Ziff. 3.5. der AGB der Beklagten benachteiligt die Vertragspartner der Beklagten entgegen den Geboten von Treu und Glauben in unangemessener Weise. Dies ergibt sich hier bereits aus dem mangelnden berechtigten Interesse der Beklagten an einer Preisanpassungsklausel. Zwar ist bei einer AGB-Verwenderin in Dauerschuldverhältnissen grundsätzlich ein berechtigtes Interesse, eine Preisanpassung an geänderte Koslen vorzunehmen, zu bejahen. Dies gilt jedoch dann nicht wenn das Vertragsverhältnis – wie im Bereich der Streaming-Dienste üblich – mit der beidseitigen Möglichkeit der kurzfristigen Vertragsbeendigung ausgestaltet worden ist. Die Beklagte muss demnach stets auf der Grundlage kurzfristig schwankender Nutzerzahlen kalkulieren. Es ist nicht ersichtlich, dass sie ohne die Einräumung einer Preisanpassungsklausel gezwungen wäre, von vornherein höhere Preise zu kalkulieren, zumal in dem von ihr beschriebenen Marktumfeld, das ihr für Preiserhöhungen nach eigenem Vortrag enge Grenzen setzt. Ferner hat sie die Möglichkeit, Kostensteigerungen zeitnah mittels einer Änderungskündigung weiterzugeben. Der Preis der leistung der Beklagten ist dabei, wie sie selbst betont, nicht etwa von Preisen auf stark volatilen Märkten abhängig, die ihre Gestehungskosten - wie es etwa bei Strom- und Gaspreisen der Fall ist - so kurzfristig erheblich ändern können, dass eine Wahrung der Kündigungsfrist nicht zumutbar wäre. Von dem Risiko, sich im Rahmen einer ÄnderungskOndigung mit einem neuen Angebot dem Wettbewerb stellen zu müssen, darf die Beklagte sich nicht auf Kosten ihrer Vertragspartner befreien.

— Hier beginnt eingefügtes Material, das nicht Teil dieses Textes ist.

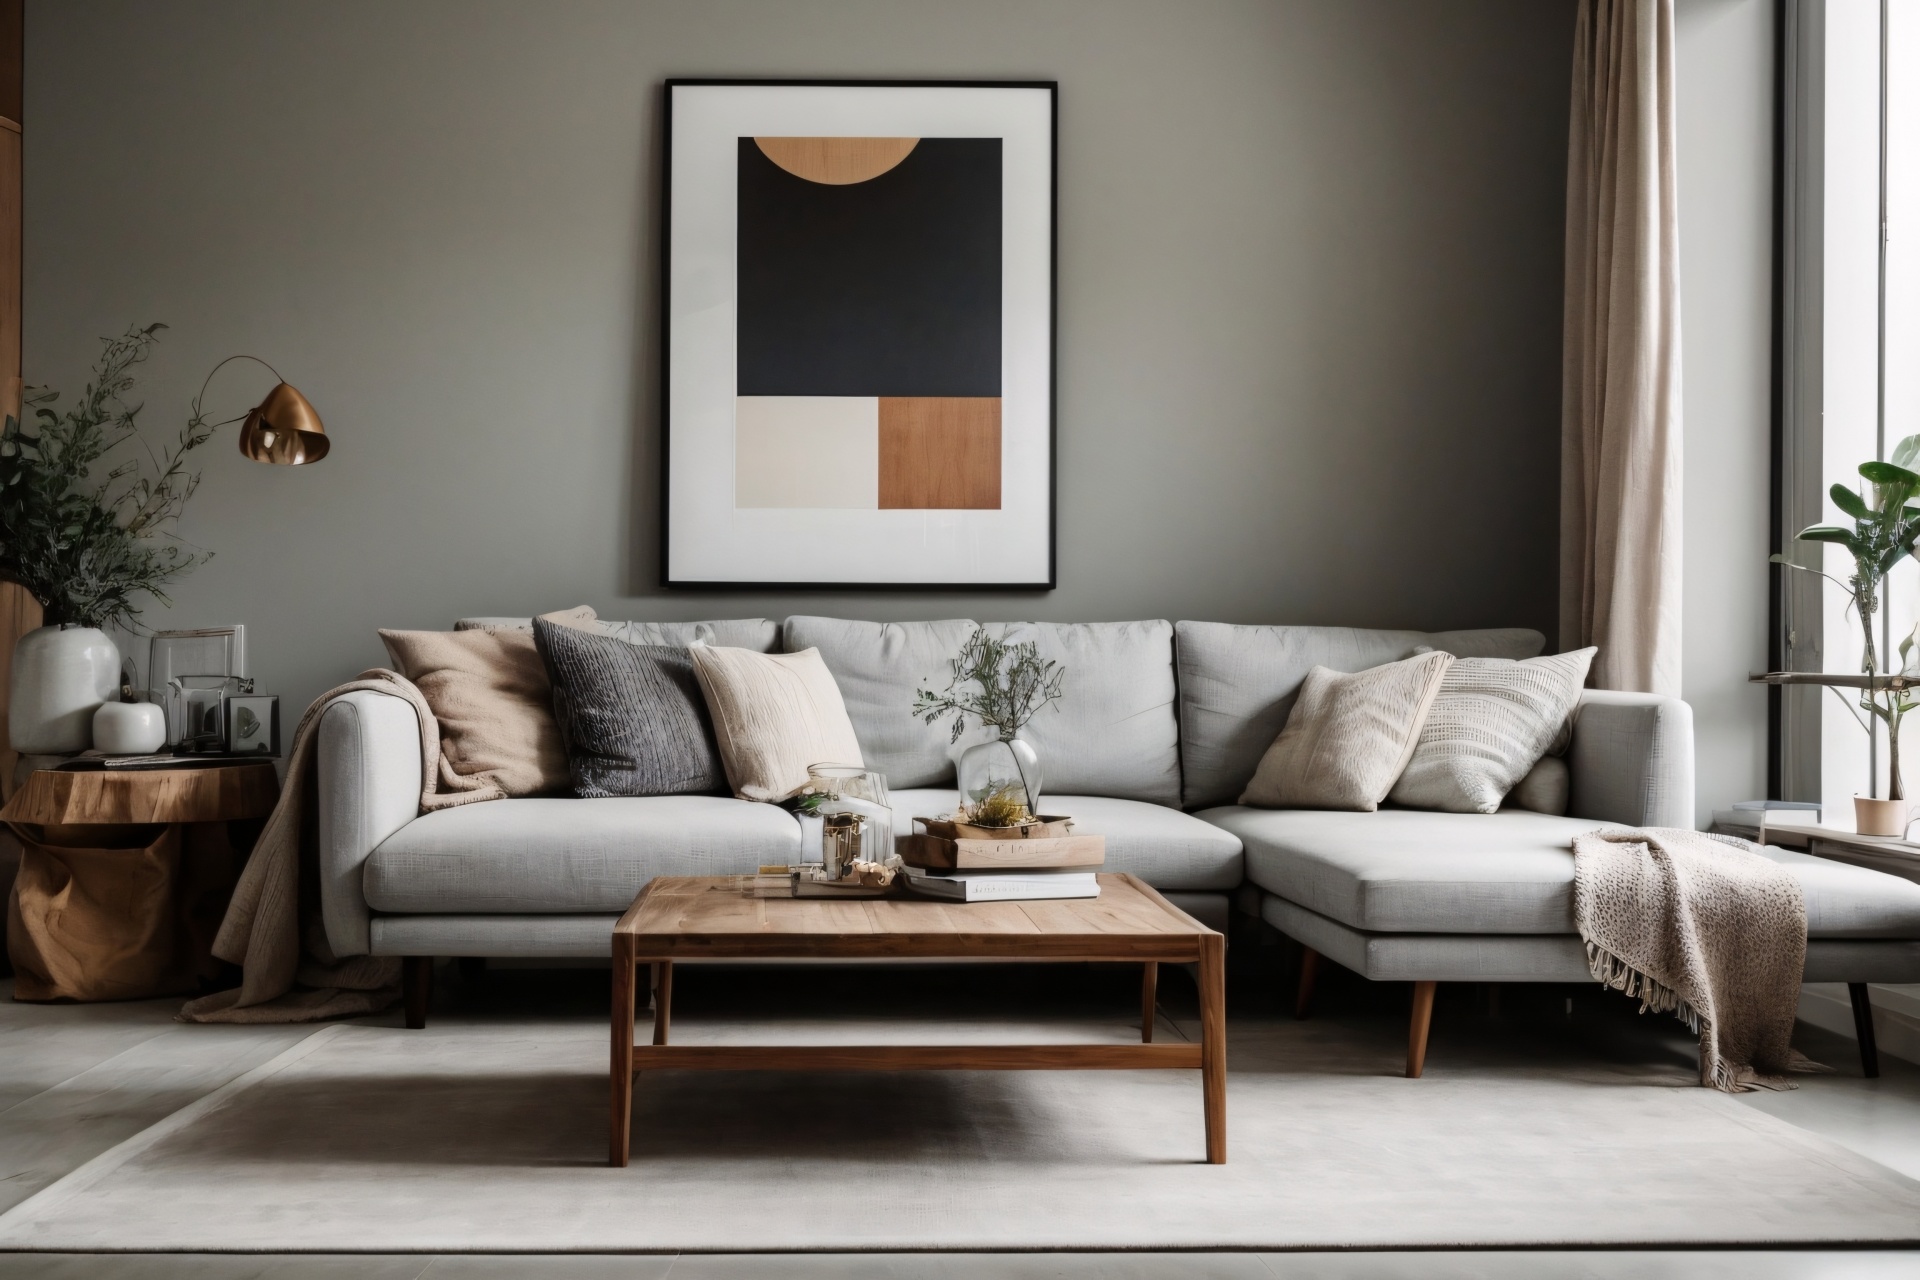 Luxury Interior With A Sofa Free Stock Photo - Public Domain Pictures

Unabhängig davon ergibt sich die Unwirksamkeit der Klausel aber auch deshalb aus § 307 Abs. 1 Satz 1 BGB, weil die Klausel zwar eine Berechtigung der Beklagten vorsieht, gesunkene Kosten zum Anlass von Preiserhöhungen zu machen, nicht hingegen die Verpflichtung, nach denselben Maßstäben gesunkene Gesamtkosten zum Anlass für eine Reduzierung des Preises zu nehmen (sog. Gebot der Reziprozität).

Rat und Tat für Sie:

Sind Sie selbst Kunde von Netflix und einer einseitigen Preiserhöhung während der Laufzeit Ihres Vertrages ausgesetzt? Wenn ja, dann können Sie den aufgrund der Preiserhöhung gezahlten Mehrpreis von Netflix zurückfordern. Dazu halten wir auf unserer Download-Seite ein Musterschreiben bereit. Es ist jedoch schnelles Handeln gefragt, denn die Rückforderungsansprüche verjähren binnen drei Jahren zum Jahresende. Rückforderungsansprüche wegen Zahlungen, die Sie im Jahr 2020 geleistet haben, verjähren daher schon zum 31.12.2023, Rückforderungsansprüche wegen Zahlungen im Jahr 2021 verjähren zum 31.12.2024, usw. Sie können die Verjährung nur verhindern, indem Sie vor Fristablauf eine sog. verjährungshemmende Maßnahme ergreifen, also z.B. einen gerichtlichen Mahnbescheid beantragen oder Klage erheben. Die an Netflix gerichtete Zahlungsaufforderung allein hemmt die Verjährung noch nicht.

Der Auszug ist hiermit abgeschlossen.